Given material section start

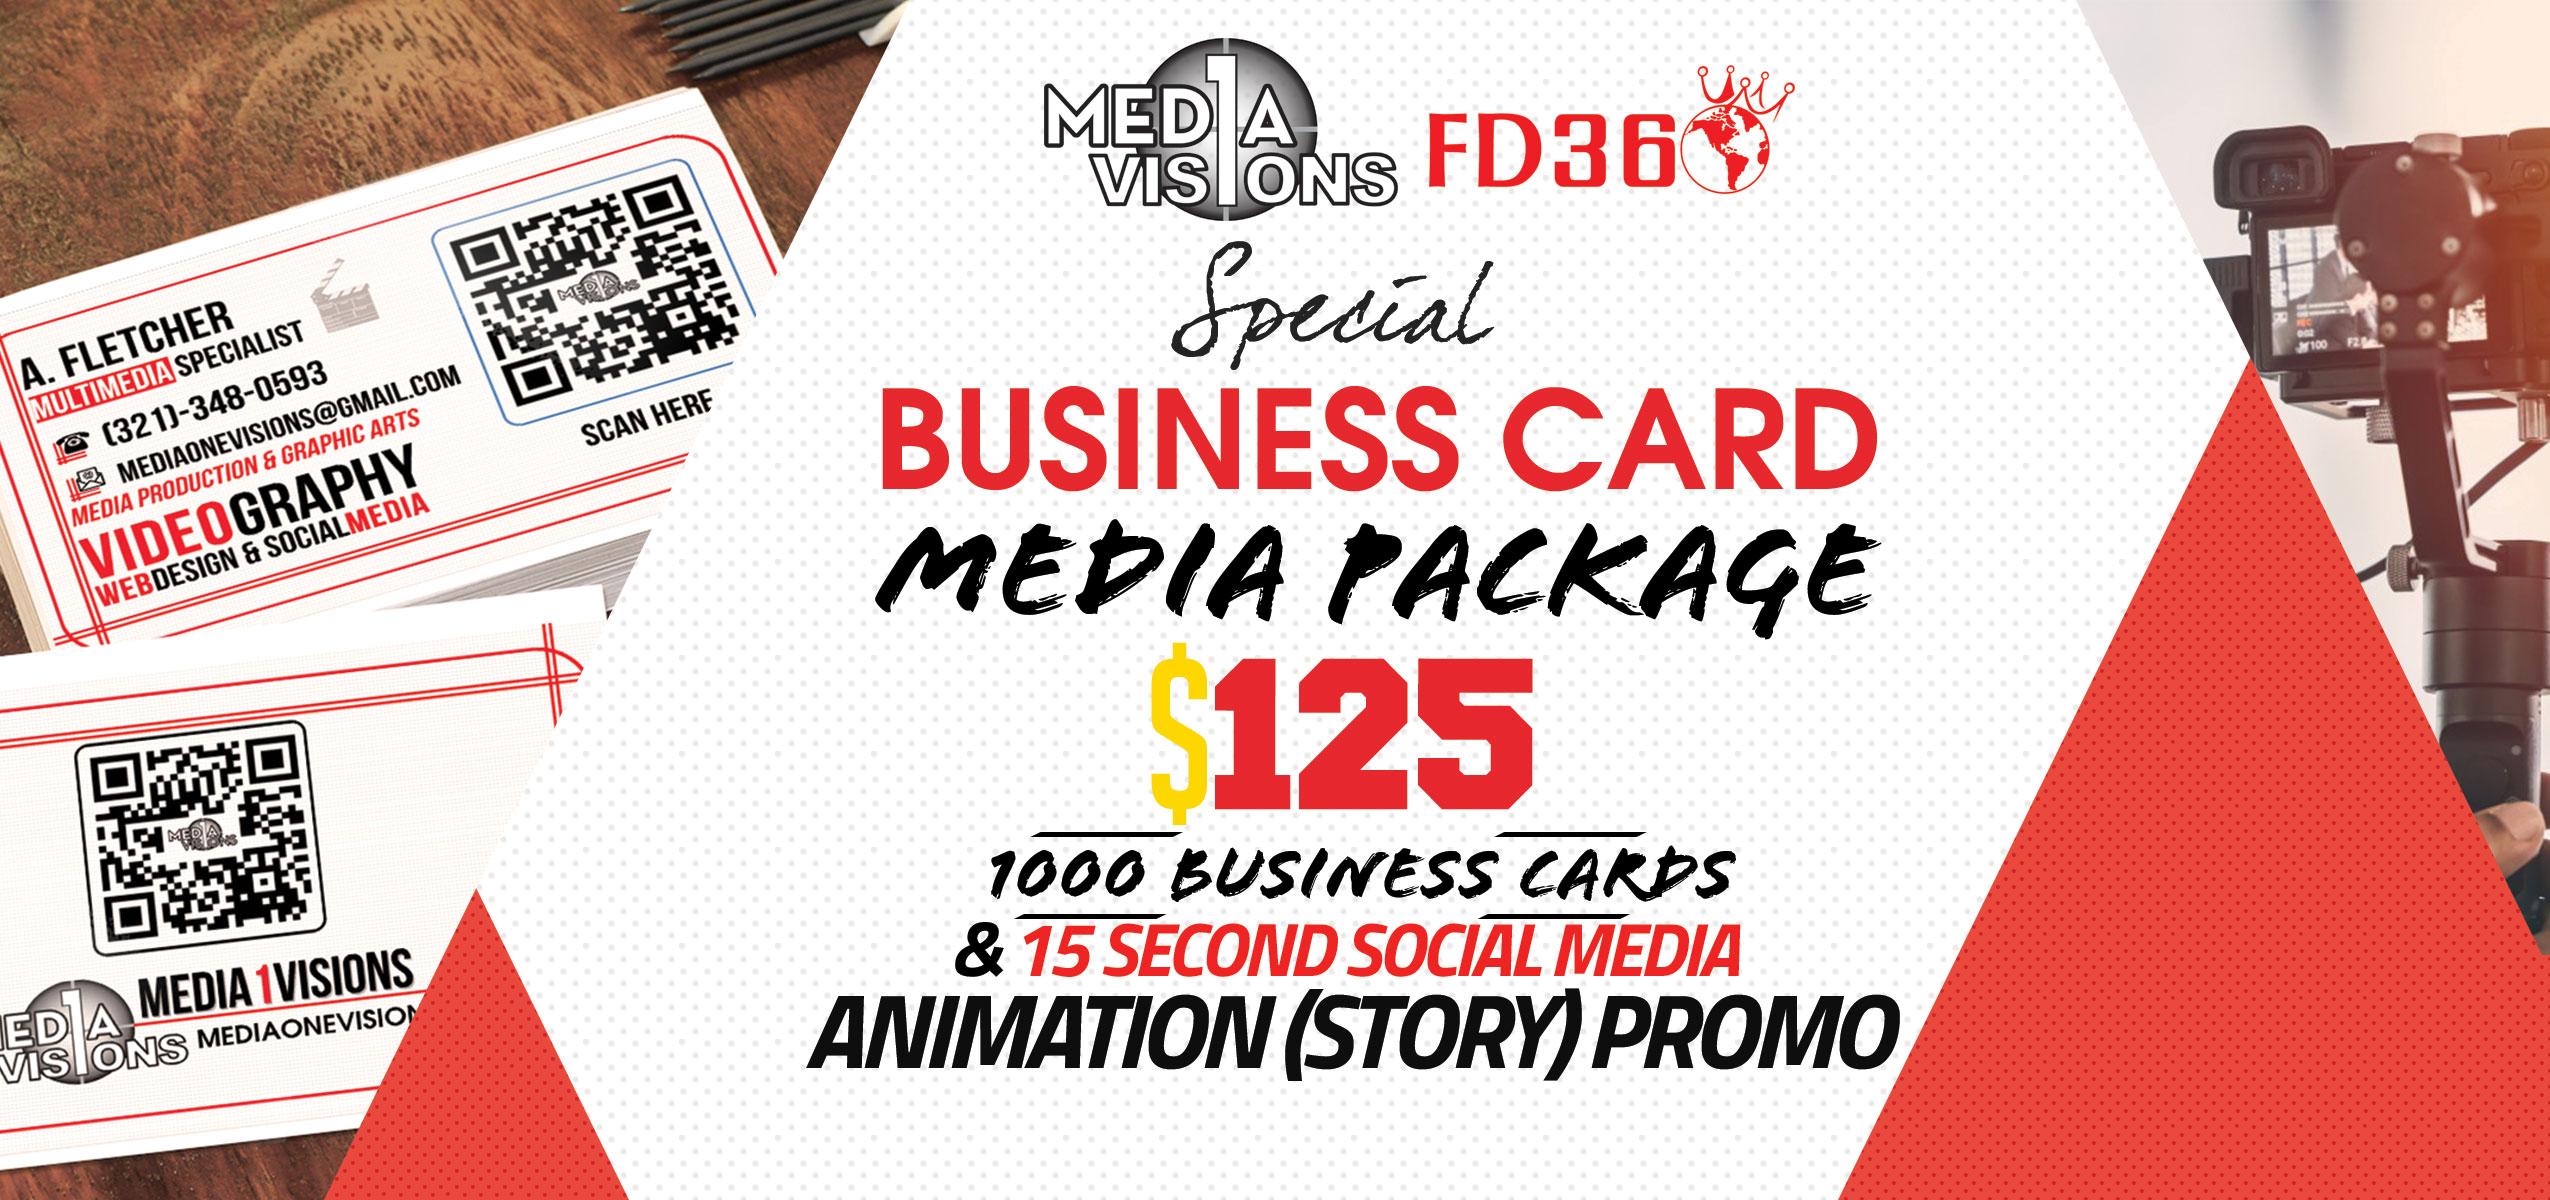 Business-Card-Media-Kit-Ad
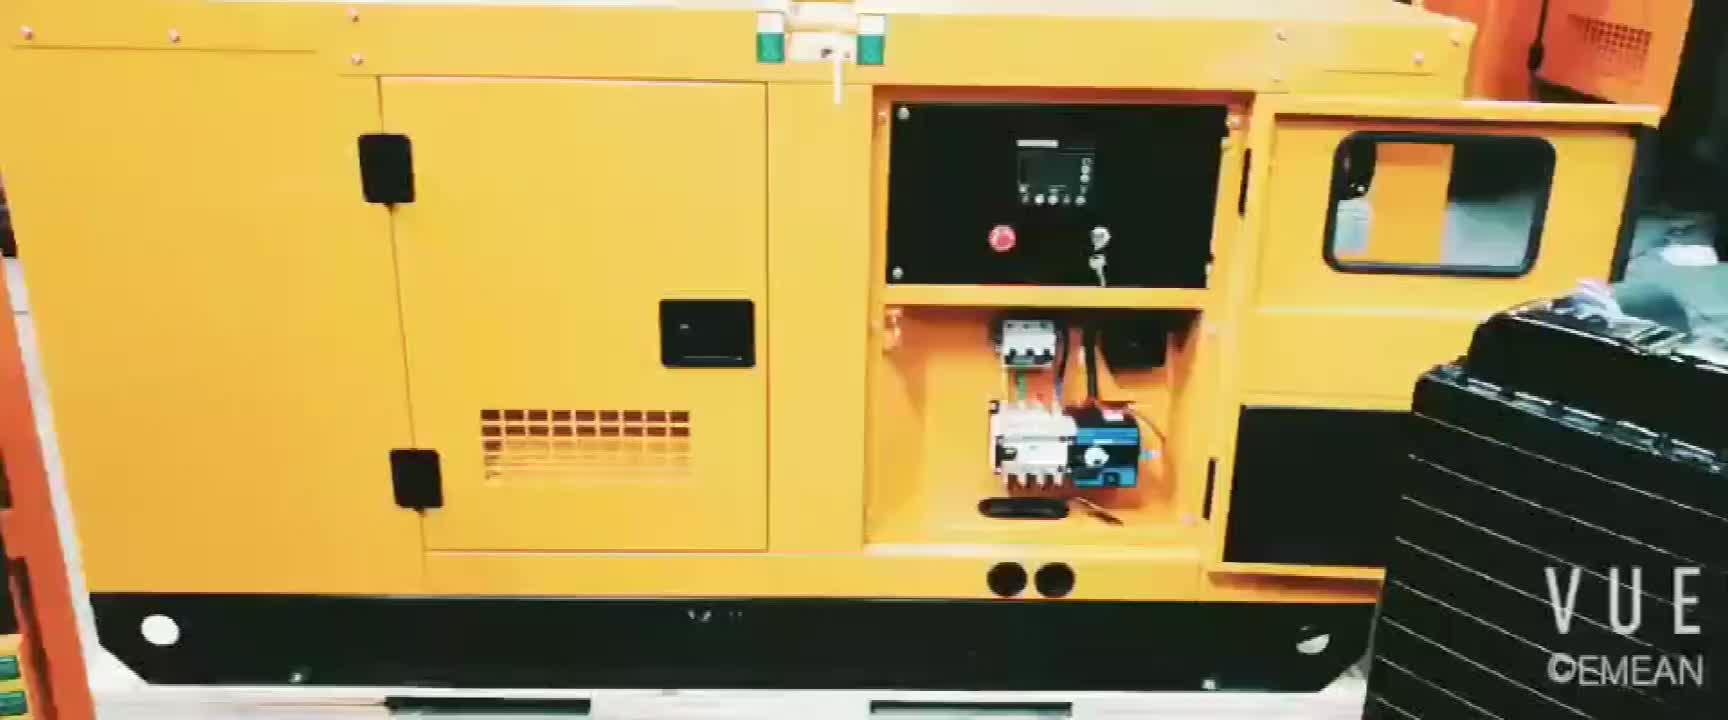 40 kva prezzo generatore generatore di 50 kva generatore diesel prezzo myanmar
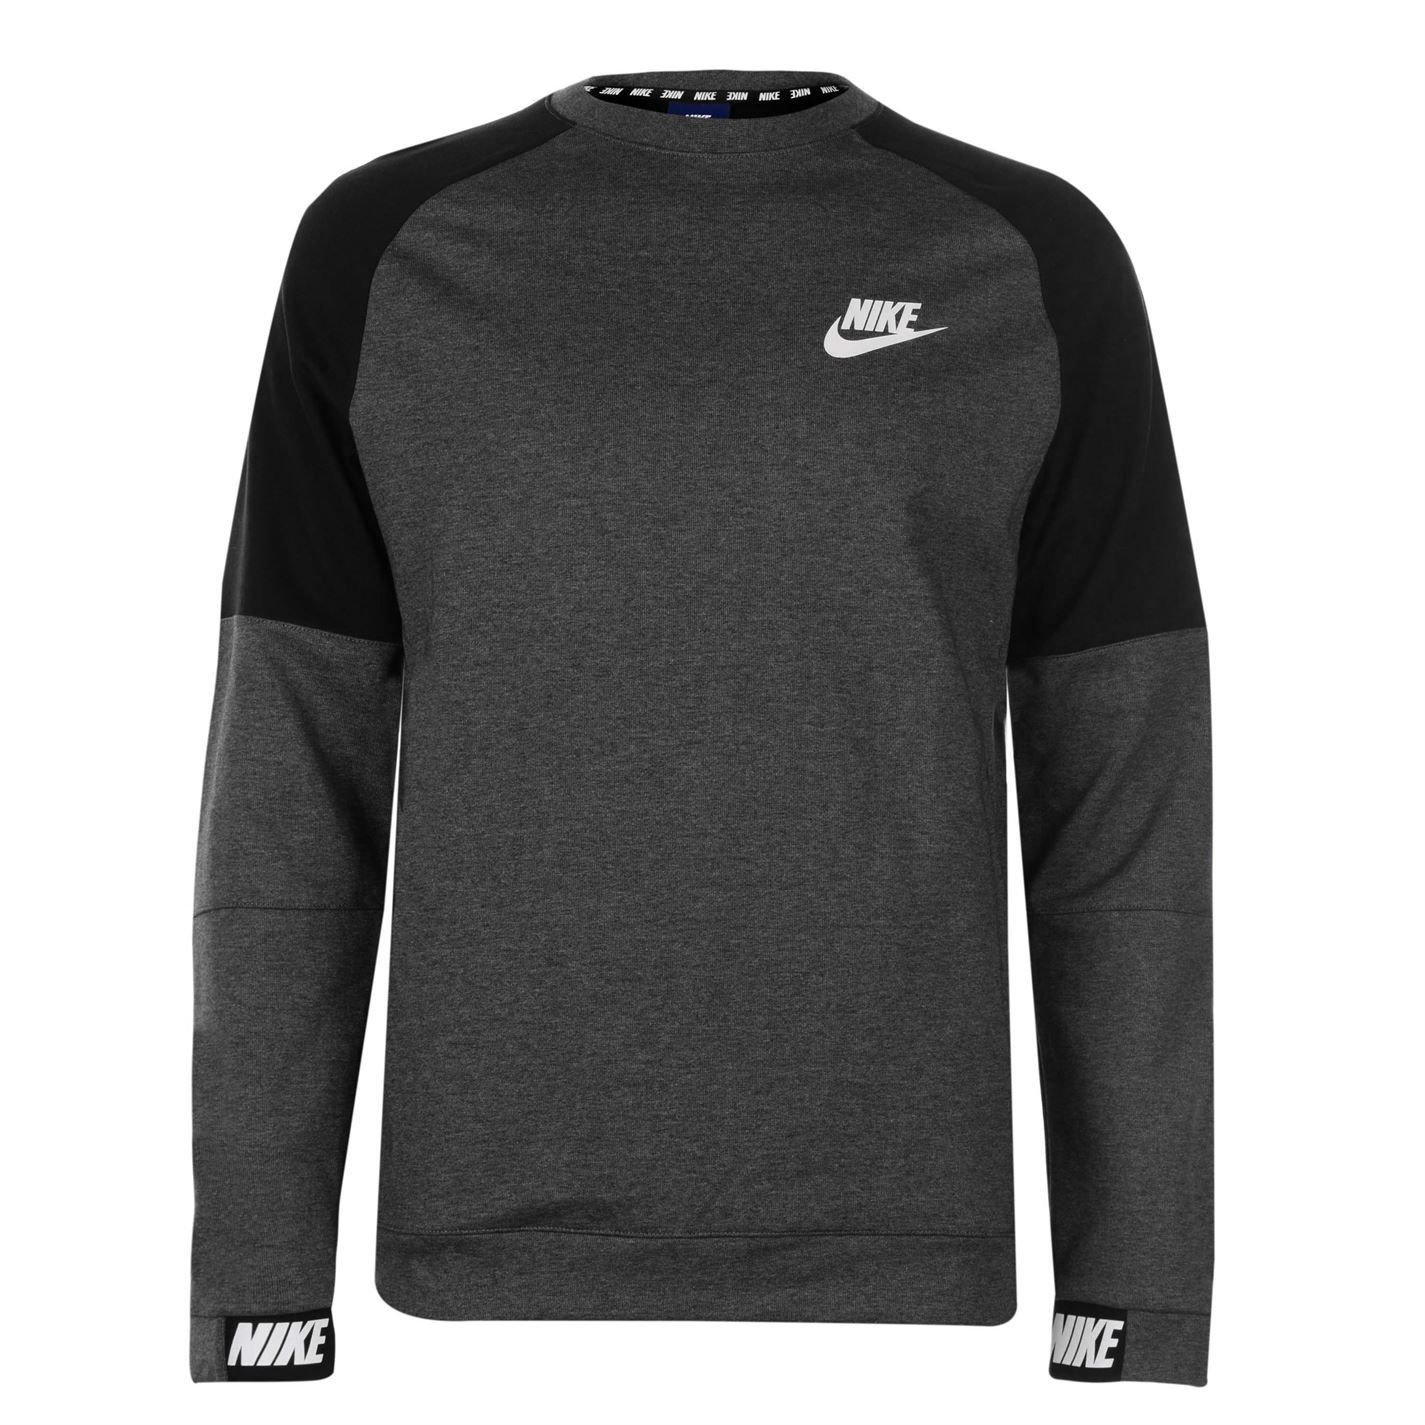 Nike JumperEbay Sweatshirt Sweater Neck Mens Av15 Fleece Crew Top UjzMpLqSVG
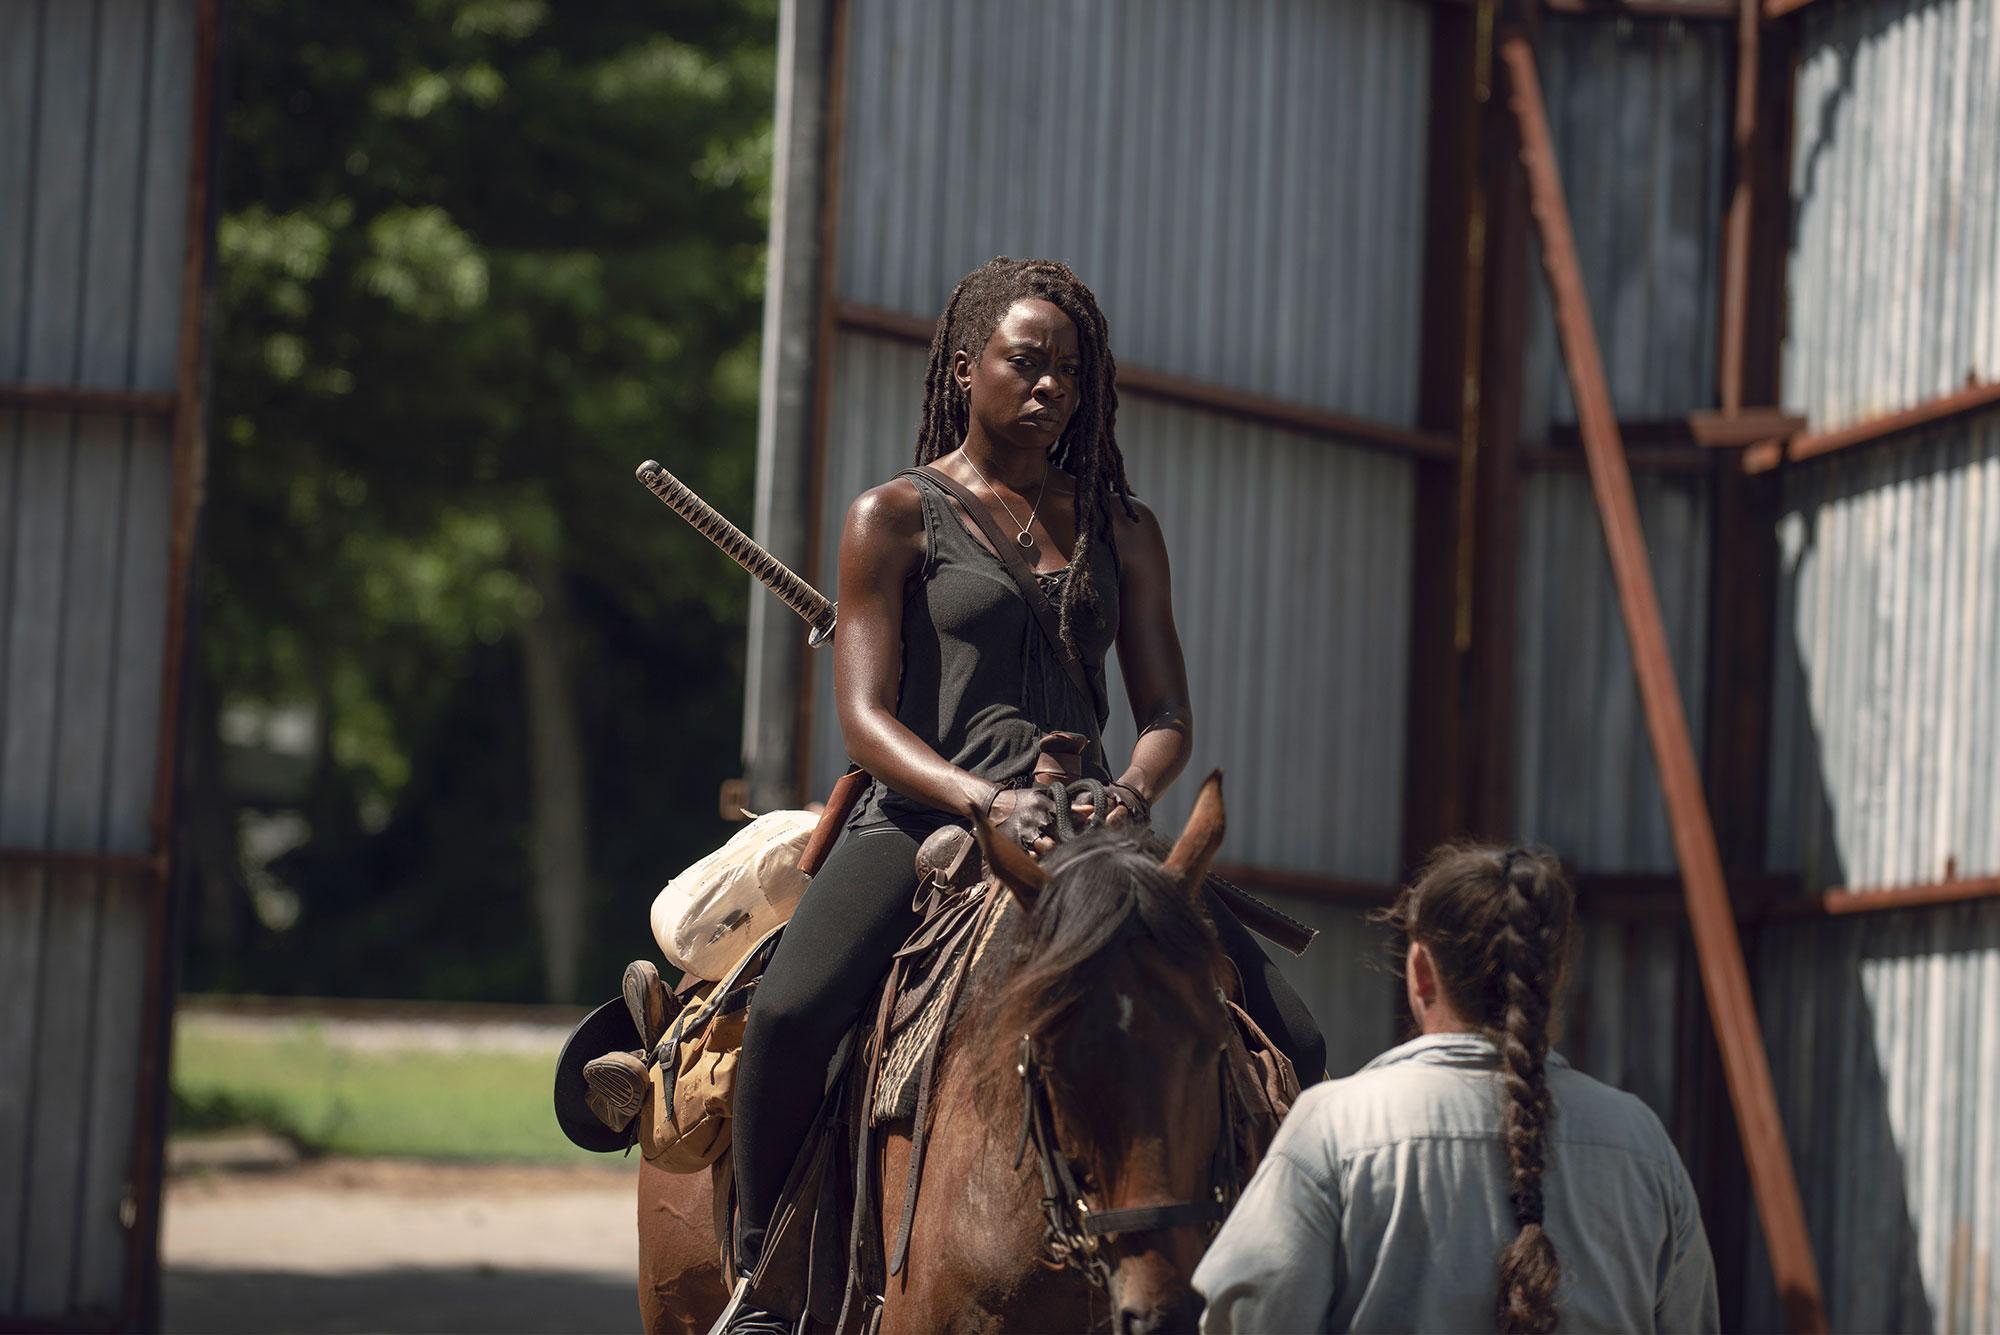 Danai Gurira the walking dead - Danai Gurira as Michonne – The Walking Dead _ Season 9, Episode 6

Given material section end

Assigned task:
Restate the material above word for word; pictures do not belong in the copy.

Solution below:
 Business-Card-Media-Kit-Ad
 40 kva prezzo generatore generatore di 50 kva generatore diesel prezzo myanmar
 Nike JumperEbay Sweatshirt Sweater Neck Mens Av15 Fleece Crew Top UjzMpLqSVG
 Danai Gurira the walking dead - Danai Gurira as Michonne – The Walking Dead _ Season 9, Episode 6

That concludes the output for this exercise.